Golang crawler crawl Autohome used car product Library

Source: Internet
Author: User
This is a creation in Article, where the information may have evolved or changed.

Crawl Autohome used Car product Library

Project Address: Https://github.com/go-crawler ...

Goal

Recently, people often mention autohome in their ears, but also curious about the domestic prices of used cars, so this time the target site is Autohome's Used car product library

To analyze the target source:

    • Page Total 24 article
    • With paging, but this old product library, after 100 pages there will be a problem, so we crawl 99 pages
    • Access to all cities
    • 19w+ data can be crawled together

Begin

Crawl steps

    • Get all the city
    • Assemble all city URLs into the queue
    • Analyzing the structure of a Used car page
    • Next page URL into queue
    • Recycle used car data that pulls all the pages out
    • Recycling of used car data in a city in a circular pull queue
    • Wait to determine that there are no new URLs in the queue
    • Crawling of used cars data warehousing

Get the city

With the page view, you can find a list of all used-car cities in the city screening area, but you check the code carefully.
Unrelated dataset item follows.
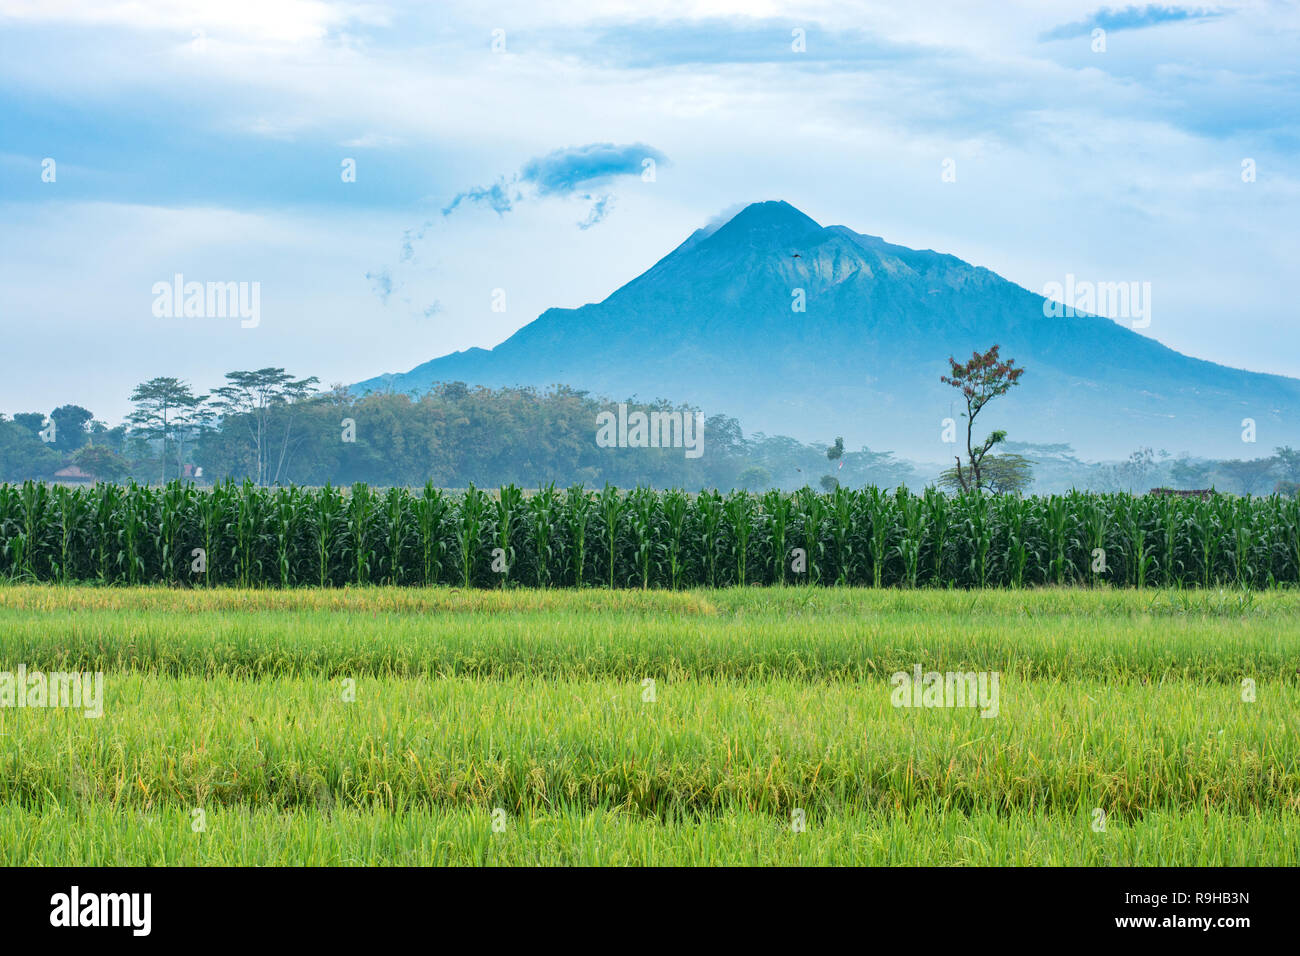 Les terres agricoles en Indonésie avec le volcan Mt Merapi s'élevant dans les nuages. Image paysage. Banque D'Images

Will find it is JS loaded in, the city is also unified in a variable

There are two methods of extracting

    • Analyze JS variables and extract them
    • areaJsoncopy it directly as a variable resolution

Here we can directly copy and paste it, because this is a relatively small change in value

Get pagination

Through the analysis page can be learned that the paging link has a certain regularity, for example: /2sc/hangzhou/a0_0msdgscncgpi1ltocsp2exb4/ , can be found sp%d , sp followed by the page number

It's common sense that you can go routine quickly pull a wave by predicting all the paging links and pushing into the queue

But in this old product inventory in one problem, after more than 100 pages, the next page is always 101 pages

Therefore, we take a more traditional approach, by pulling down a page of links to access, in order to adapt to possible changes in paging links; 100 pages after the page show is also very strange, first of all ignore

Get data for Used cars

The page structure is more fixed, the regular cleaning HTML can

  func getcars (Doc *goquery. Document) (Cars []qccar) {cityname: = Getcityname (Doc) doc. Find (". Piclist ul Li:not (. Line)"). Each (func (i int, selection *goquery. Selection) {title: = Selection. Find (". Title a"). Text () Price: = Selection. Find (". detail. Detail-r"). Find (". Colf8"). Text () Kilometer: = Selection. Find (". detail. Detail-l"). Find ("P"). Eq (0). Text () Year: = Selection. Find (". detail. Detail-l"). Find ("P"). Eq (1). Text () kilometer = strings. Join (Compilenumber.findallstring (kilometer,-1), "") Year = strings. Join (Compilenumber.findallstring (strings). Trimspace (year),-1), "") prices, _: = StrConv. Parsefloat (price, kilometers), _: = StrConv. Parsefloat (kilometer, years), _: = StrConv. Atoi (year) cars = append (Cars, qccar{cityname:cityname, Title:title, Price:pri CeS, Kilometer:kilometers, Year:years,})) return cars}  

Data

In each city's average price comparison, we can find the North Canton Deep in Beijing, Shanghai, Shenzhen are on the list, and in recent years the momentum of the more powerful Hangzhou directly occupied the top, and the last few have some distance

While other cities are generally a cascade of downward trend, it seems that the first-tier city of used cars is not cheap, of course, it is only the average price

We can see the comparison between the price and the number of kilometers, Shanghai, Chengdu, Zhengzhou, the difference is a little big, feel the need to do in the price and the number of kilometers to do a measure

The picture is a bit interesting, roughly counting the total number of kilometres. In the previous pictures, the average price ranking is not here, but Hohhot, Daqing, Zhongshan and other appeared in the top

Whether the side reaction of the first-tier city vehicle replacement is faster, and the later city of the vehicle is slow, the number of kilometers are basically the leverage

Through the analysis of the title, it can be learned that the name of the vehicle product library is the brand name + Auto/manual +xxxx + attributes, see the title can know an overview

Reference

Crawler Project Address

    • Https://github.com/go-crawler ...
Related Article

Contact Us

The content source of this page is from Internet, which doesn't represent Alibaba Cloud's opinion; products and services mentioned on that page don't have any relationship with Alibaba Cloud. If the content of the page makes you feel confusing, please write us an email, we will handle the problem within 5 days after receiving your email.

If you find any instances of plagiarism from the community, please send an email to: info-contact@alibabacloud.com and provide relevant evidence. A staff member will contact you within 5 working days.

A Free Trial That Lets You Build Big!

Start building with 50+ products and up to 12 months usage for Elastic Compute Service

  • Sales Support

    1 on 1 presale consultation

  • After-Sales Support

    24/7 Technical Support 6 Free Tickets per Quarter Faster Response

  • Alibaba Cloud offers highly flexible support services tailored to meet your exact needs.